Gypsy Music Star Saban Bajramovic Dies at 72

Šaban Bajramović
Šaban Bajramović

One of the most popular Gypsy singers in the Balkans, Saban Bajramovic, died Sunday, June 8, 2008.  Bajramovic, known as the “king of Gypsy music” in the Balkan region, suffered a heart attack and died at a hospital in his southern Serbian hometown of Nis. He was 72. “An enormous loss to the national culture,” said Serbia’s Culture minister Vojislav Brajovic.
 
 Saban Bajramović was born April 16, 1936, in Nis (Serbia). He learned music playing in the streets, like many other Gypsy children. At age 19, he deserted the Yugoslav army because of love. He was sentenced to three years imprisonment at the infamous Communist-era Goli Otok isolation facility on an island in the Adriatic sea. He defied the military court saying that there was no sentence long enough for him to serve so his sentence was extended to five and a half years.

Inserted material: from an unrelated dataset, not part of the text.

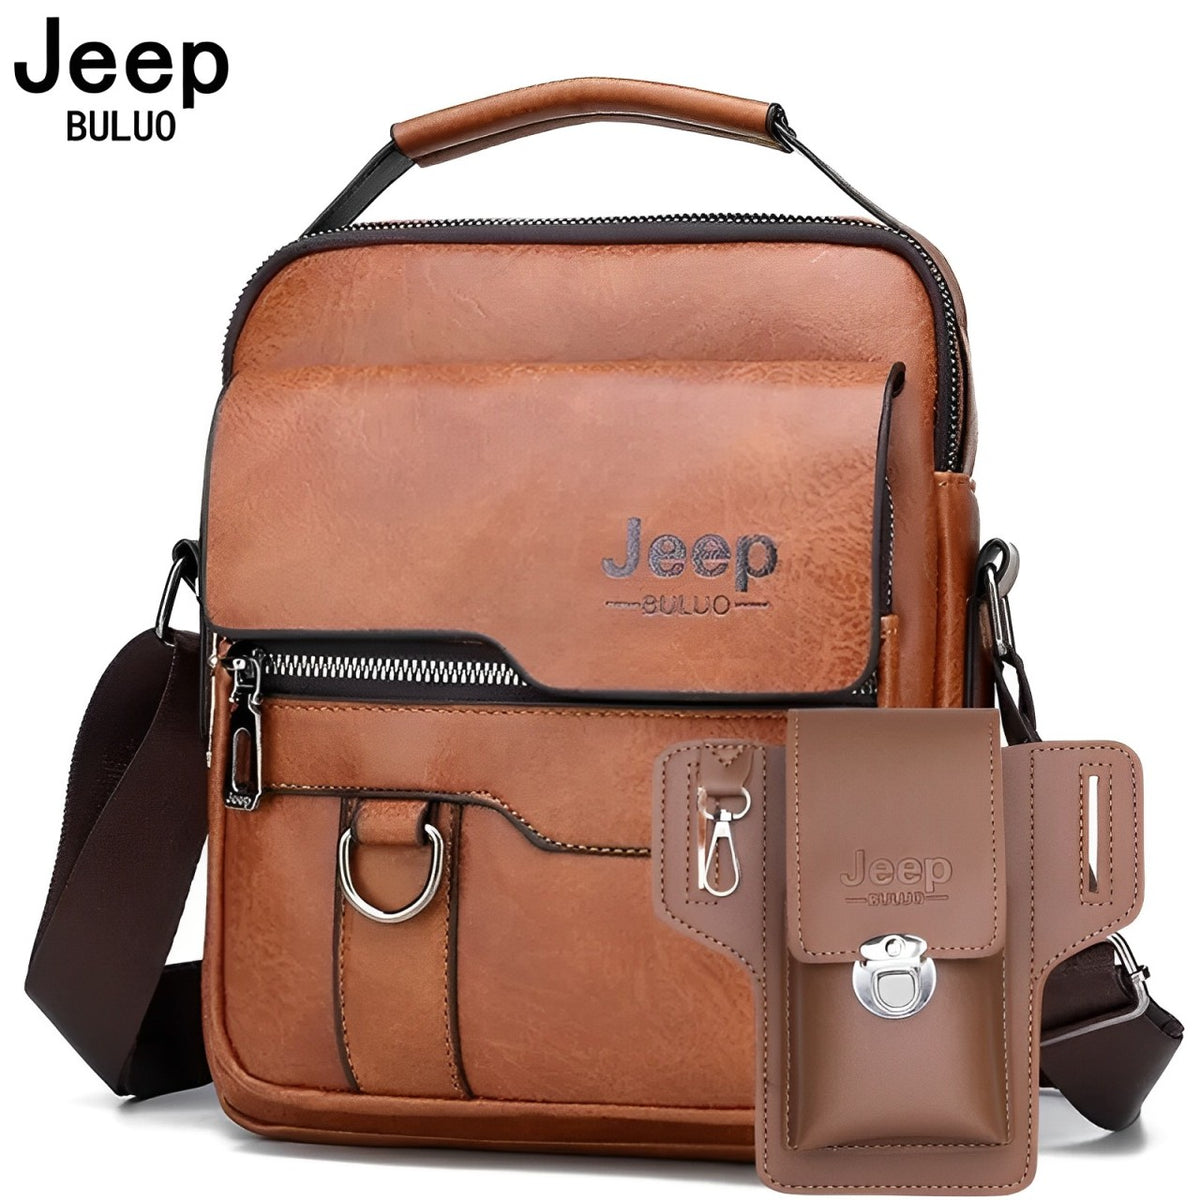 Jeep Buluo Business Bag

While in prison, Šaban Bajramović founded a prison band that played jazz as well as Spanish and Mexican melodies. After he left prison,  Bajramović made his first record in 1964. In total, he recorded twenty albums and more then fifty singles. He wrote and composed about seven hundred songs.

In the 1990s, Bajramović participated in the landmark Mostar Sevdah Reunion album, which brought together legendary Gypsy musicians from the former Yugoslavia.